3. Quel est l'avenir du combustible et quelles technologies vont se faire une place sur le marché (dans un avenir proche et plus lointain)?
Piette: “La chaudière au mazout aura du mal à s'imposer dans la nouvelle construction et les grosses rénovations. Pour les installations existantes, l'assainissement des vieux appareils risque de prendre du retard à cause de la directive Ecodesign.

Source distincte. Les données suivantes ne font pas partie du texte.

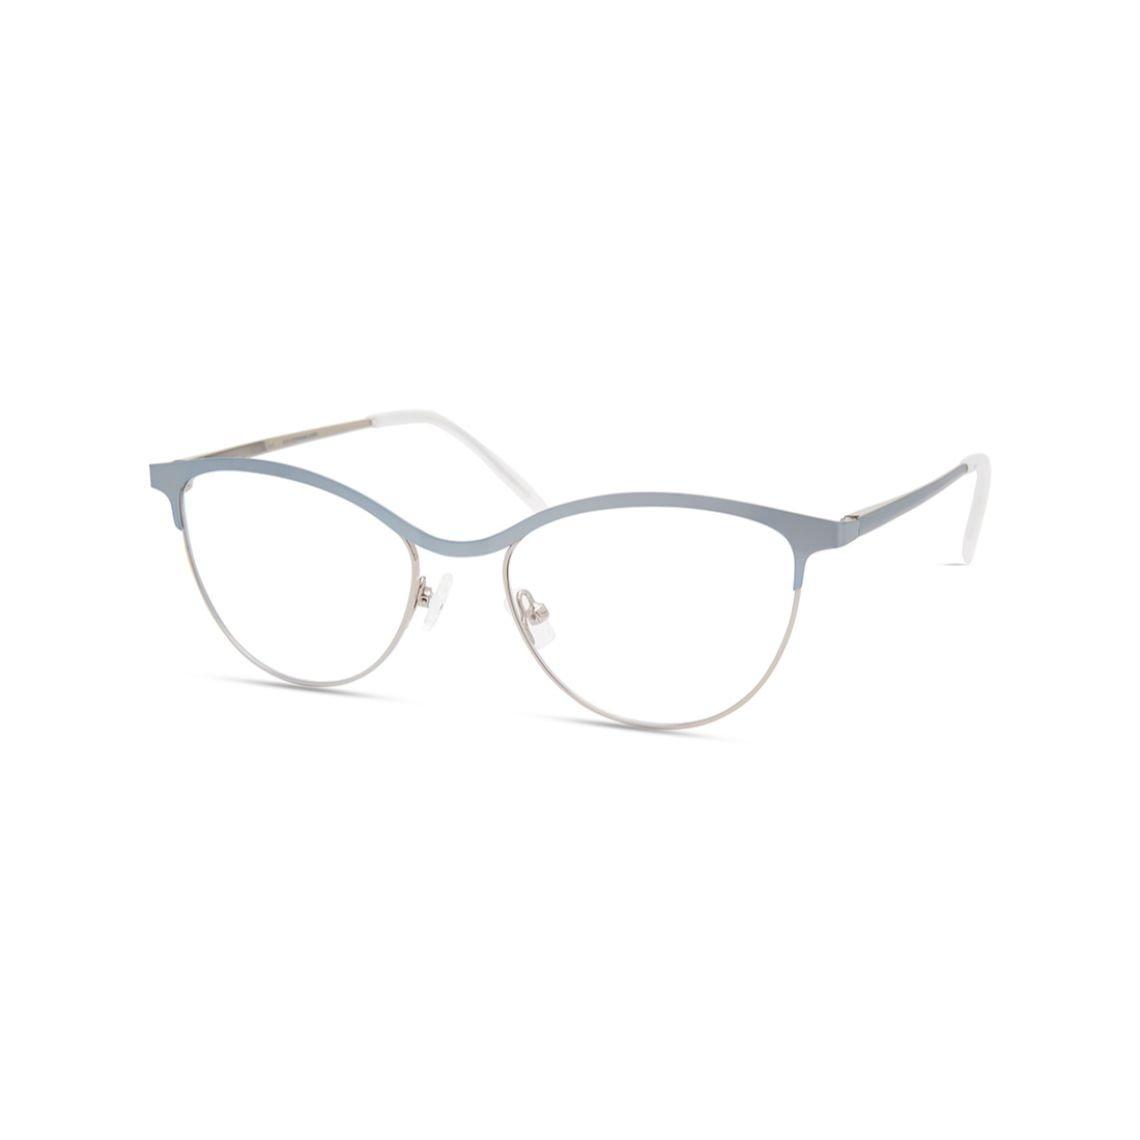 Eco Livigno Blue Grey/Silver 5317

Dans cette partie du marché, on observera donc à court terme une stabilisation de la part du mazout. L'avenir dépendra de plusieurs facteurs. Si, avec la problématique liée à nos centrales nucléaires, on est confronté cet hiver à de graves pénuries d'électricité, cela aura un impact sur le secteur du chauffage. Pour faire tourner un chauffage avec une pompe à chaleur sur un générateur de secours, il faut déjà un fameux modèle.
On parle ici de plusieurs kW de puissance électrique, surtout pour les pompes à chaleur-air qui nécessitent de la puissance de compresseur supplémentaire en cas de froid extrême en hiver. Une installation de chauffage au mazout, où la combinaison chaudière-brûleur-réglage-pompes consomme à peine 500 W au total, peut déjà fonctionner avec un petit générateur de secours. Il se pourrait que le mazout soit le grand gagnant d'un tel scénario catastrophe et prenne à nouveau plus d'importance.
Mais les prévisions à long terme ont toujours le même résultat: ce n'est qu'après coup qu'on peut parfaitement évaluer leur valeur. Depuis la fin des années 70, on nous dit qu'il reste pour vingt ans de réserve de pétrole, ... Et, malgré la demande croissante, cette estimation est reconfirmée tous les vingt ans."